Saturday, 17 July 2010

The Alchemist




So if you have read my last blog you will know that I met a tasty Spaniard during my time in Amsterdam. (As an update we are still in contact and I have been offered a bed there whenever I want to come visit!) Anyway the night we met for a drink I mentioned that I had studied English at University. This interested the bar man and we soon started to discuss our favourite books. He told me of his favourite book ‘The Alchemist’. I’d heard of this particular book but never read it. Spaniard then informed me that this book had been so inspiring that he had tried to live his life every day in connection with the book’s teachings. This interested me even more, a book that was so enlightening it could influenced the life of a young, outgoing, free spirited guy. If I am being honest I was jealous of Spaniard. He was so upfront about himself about the fact that he loved women, that he loved to travel, that he wanted love but until then loved sex so why not just take it when it comes. I wanted that freedom, that confidence so on returning to the UK I purchased ‘The Alchemist’ and finished it within a day.
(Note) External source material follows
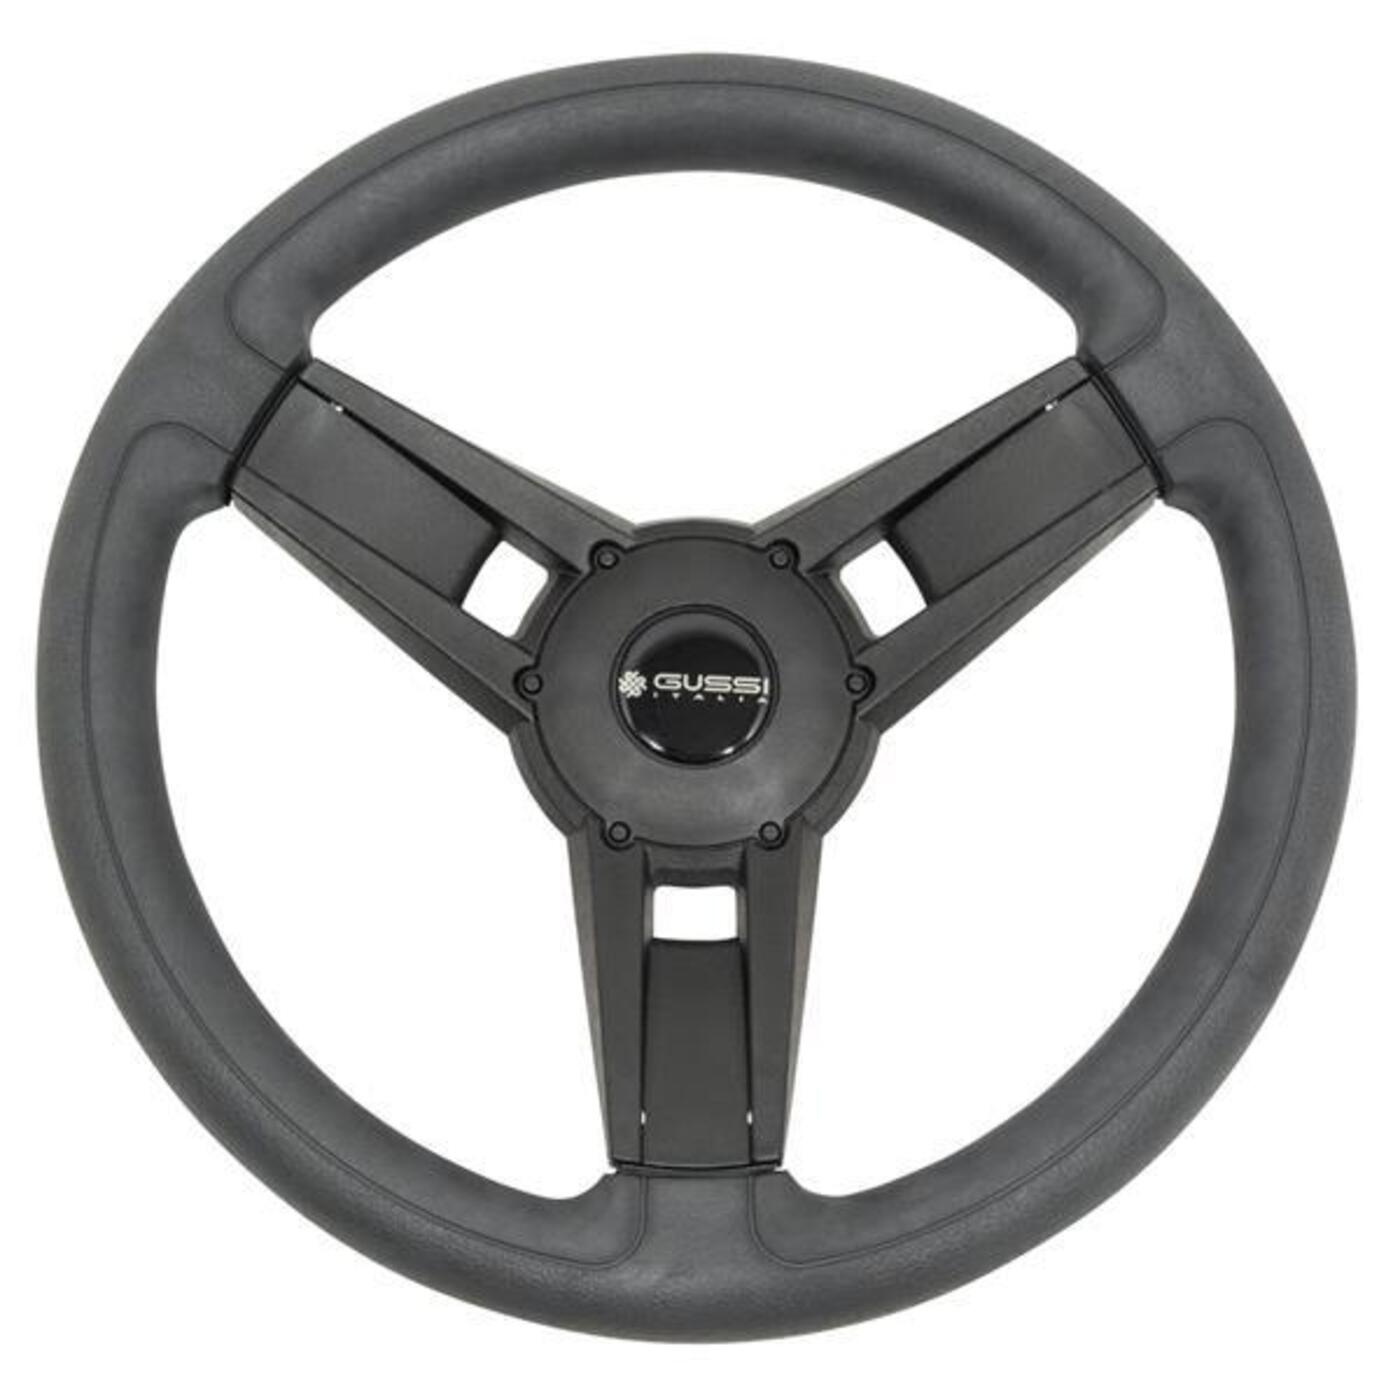 Gussi Italia Giazza Black Steering Wheel For All Club Car DS Models 06-121

What I took from the book was that everyone has a destiny. The universe has left you omens to follow to reach your destiny and it is whether you take notice of them that decides whether you will achieve it. I found this particularly interesting- what was my destiny? The Spaniard had told me of his previous dreams to travel, and that he had left the woman he loved in Sweden whilst he travelled in order to experience his destiny. ‘The Alchemist’ also claims that true love will wait whilst you achieve your destiny. I wondered how I could use the guiding of the book in my life. I have always had a list of things I want to do before I die. A few of them being:
1. Go cage diving with sharks in South Africa and visit my ex in Jo Bay
2. Visit the pyramids in Egypt
3. Become fluent in Italian
4. Go watch the surfing competitions in Hawaii.
5. Visit all the art galleries in Barcelona
I wondered whether this was a sign that I should start trying to tick one of these off my list? I pushed the thoughts to the back of my mind and carried on with my day to day life until today. My friend put on ‘Men who stare at goats’ and in that too was the message about everyone having a destiny and should follow the omens they are given by the universe. This was definitely a sign. So I have no idea exactly what my destiny is (to me I think it will be to be a fantastic journalist with a great handbag collection and my own Friday night talk show) but I’ve decided what my next stop in life will be if I am unable to get a job by the end of August. I will go back to my monotonous retail job and save every penny I earn. Then in March I will buy a round the world ticket and travel to South Africa, New Zealand, Australia and Fiji for several months. It might not be my destiny but it is most definitely a start.